Justin Ankrom’s Status Report for 4/19
This week I finished up setting up TLS. Last week I had setup TLS on the server so this week I worked with Kemdi to set it up on the device. I then finished up the setup guide and put it up on our main website. This means that the “marketing” website is now complete. I also worked on making a new prompt for our ML models that work with our new streaming approach. This involved changing responses from json to something streamable and updating all examples and adding some additional criteria in the prompt to get better responses. This involved a lot of time and testing. I tested to make sure it works for all 3 of our core functionalities. I also performed the group testing alongside David and Kemdi where we tested our setup with 10 different people and also asked the questions about our product and what their thoughts were.
My progress is on schedule. Next week I want to setup the website on the cloud so it is accessible from anywhere by anyone. This will involve researching solutions and deploying it. I will also use this week as a time to thoroughly test the system and fix any last minute bugs/mistakes.
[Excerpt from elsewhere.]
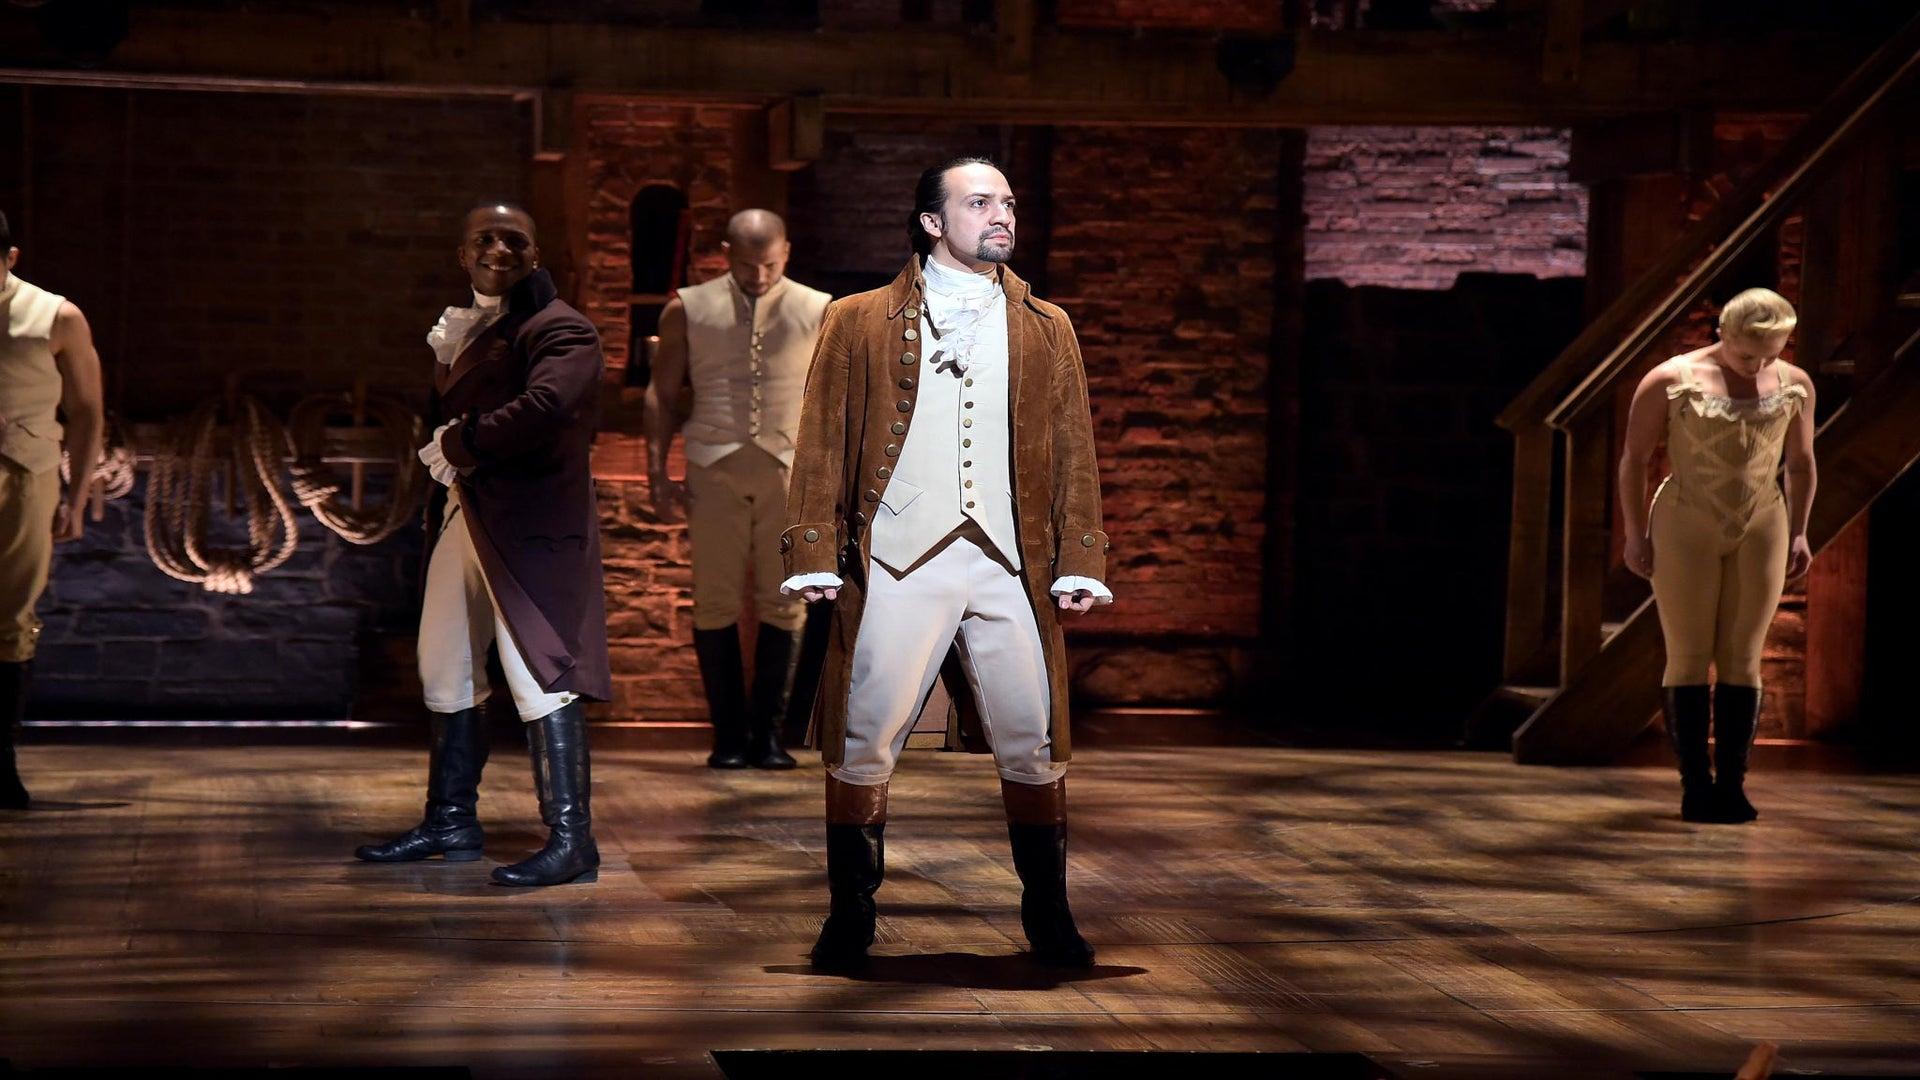 Broadway Phenom 'Hamilton' Nabs a 2016 Pulitzer Prize for Drama

In regards to this week specific question, I used many new tools to accomplish my tasks for my project. My main tool was honestly Google. many times when I was stuck or needed help, I would search Google for my problem to see if people had any similar ideas, problems, or solutions. I used a lot of stack overflow. My main learning strategy was to come up with my own solution and then look online to see what others have proposed. This usually led me down a rabbit hole of figuring out why or why not my solution works or what approach I should take. I also used youtube tutorials on how to do certain things like deploy ollama with a GPU on a docker container. Throughout the project, I had to learn how to serve a frontend from a Flask server, how to setup TLS on a cloud VM, how to do prompt engineering, how to setup a Next.js application, how to setup and use a raspberry pi, how to setup ollama and use it to serve models that can use a VM’s GPU, and more.
Team Status Report for 4/19
There are currently no risks to our project as we are essentially done with design. We are currently working on the testing that we outlined in the design report. This week we did the user testing together with 10 users.
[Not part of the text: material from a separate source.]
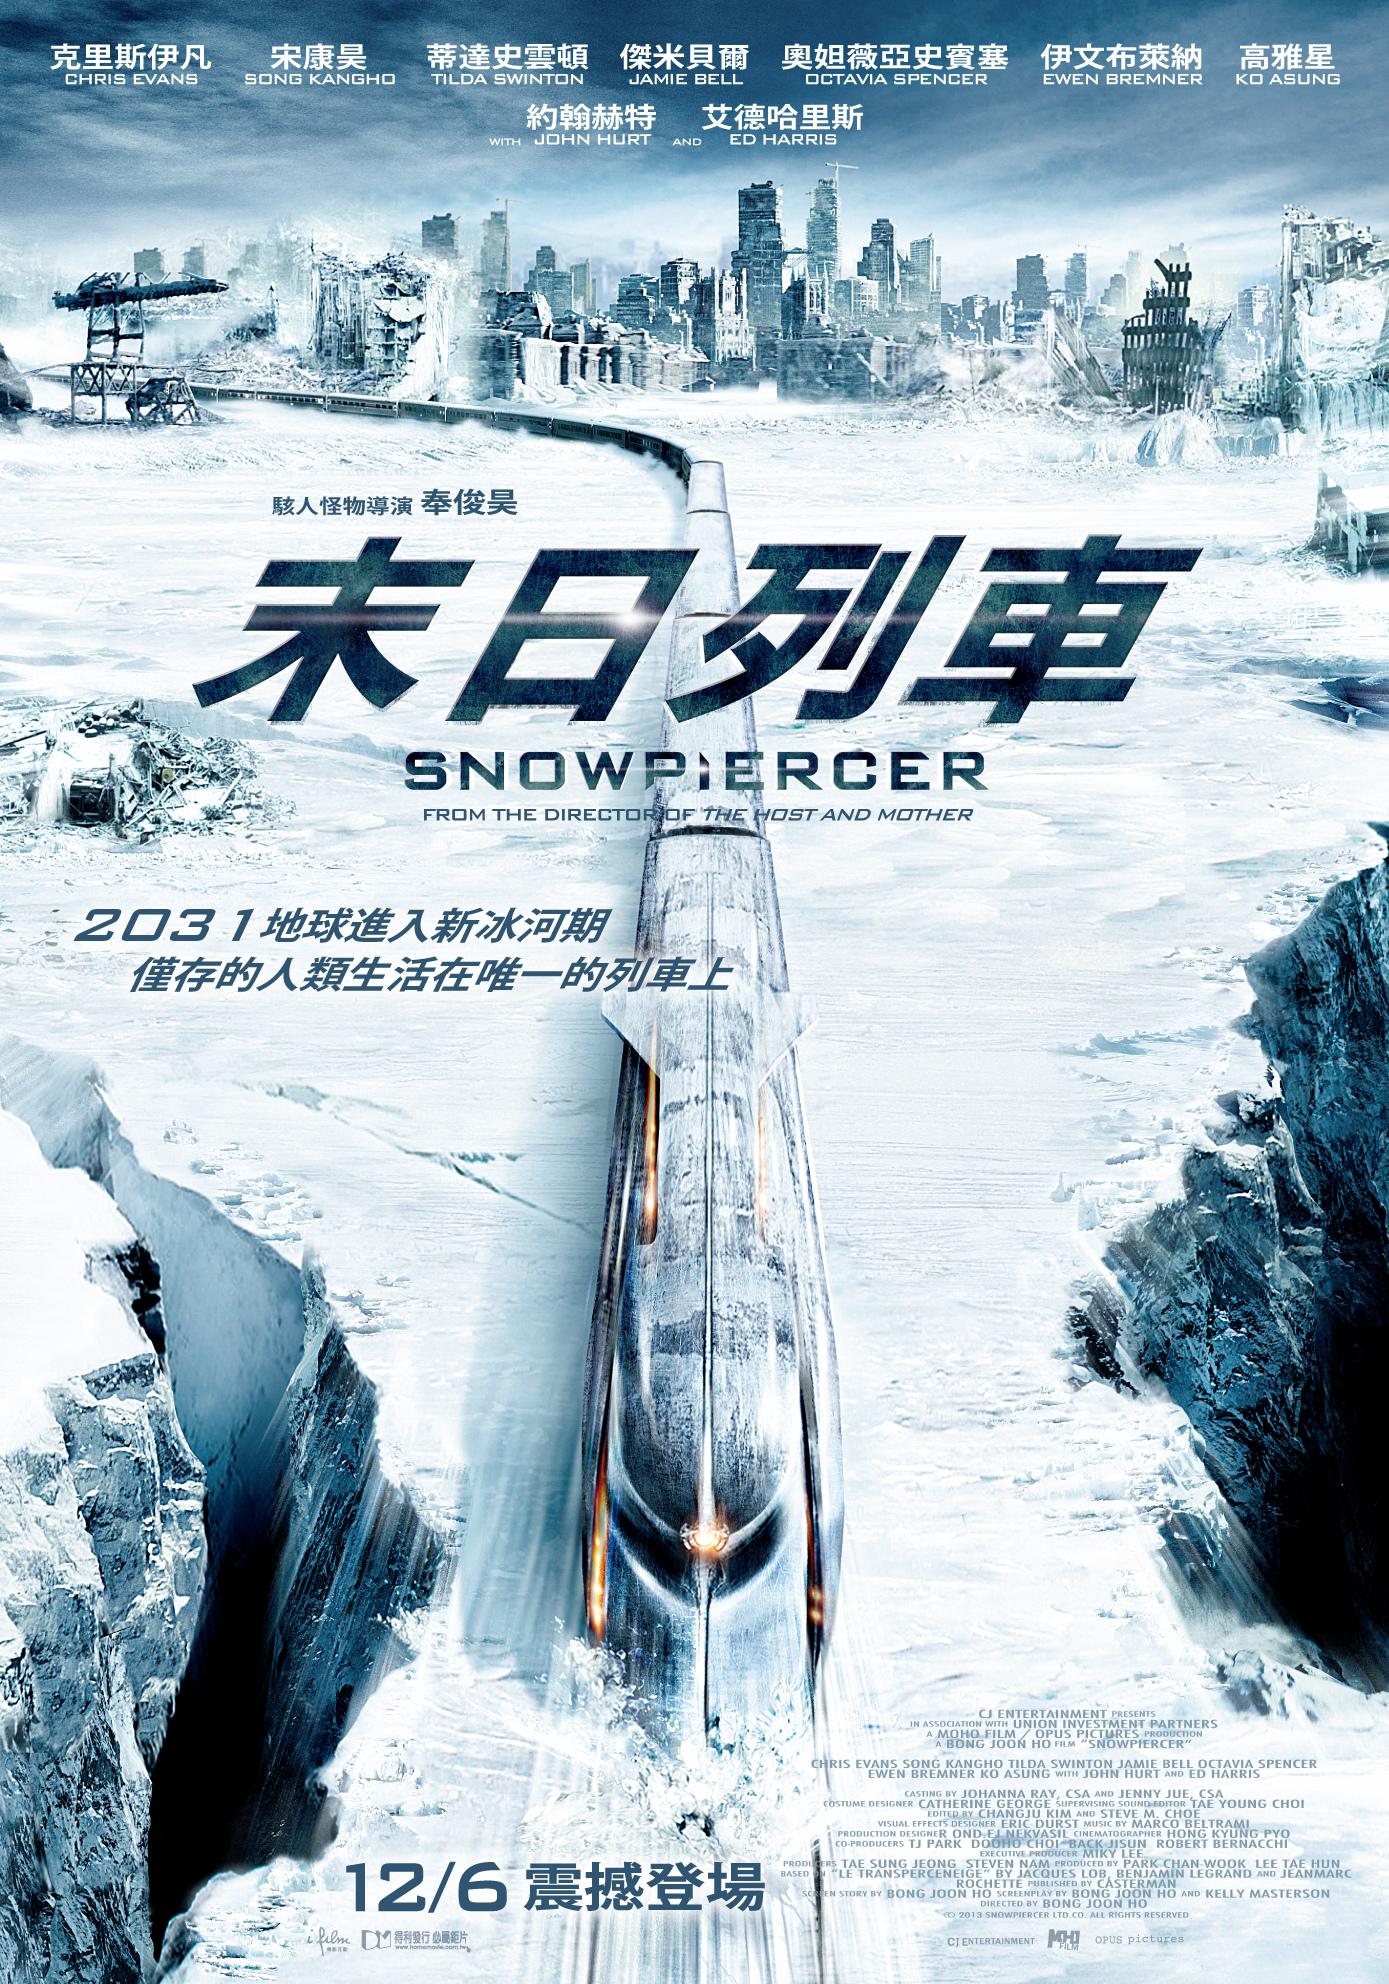 s_poster_100x70cm(送審) (1).jpg

No changes were made to the design as we are just testing, except for a little bit of the 3d model which was outlined in David’s status report. This change is really minute and just requires a little bit of tape.
We are still on schedule, and just have to test the product.
David’s Status Report for 4/19
This week I mainly was designing the final 3d print. It took me some time to figure out how to put a sliding lid on the bottom. I also decided to not put a cover on the top as it could potentially block out the sound or the mic. Instead I am thinking of maybe using tape to hold it in. If it prints how I want, which it might not due to the sliding door needing very specific resolution which can vary from printer to printer, then we should be good for the model. If not I will have to submit another design. The rest of the week I spent with my group helping to user test our project. We met with 10 friends who we gave the product, and let them set it up, and afterwards we asked them questions which the specifics will be covered more in the report. I am definitely on schedule, and next week I will finalize all the testing like the latencies for both end to end and component wise.
For this week’s question, I definitely learned a ton working on this project as I kind of bounced between tasks. I initially learned how to set up the raspberry pi and configure its wifi, data/time, and other settings. To create the server, I learned flask and how endpoints work along with the ollama app for the model. I also learned how to create a VM using google cloud platform. I have never worked with docker before, so I also learned how to containerize a server. Lastly, I learned how to 3d design using fusion 360 to create the physical casing. To learn all these topics I did a lot of research online as well as talking to my group (if one of them was familiar with it).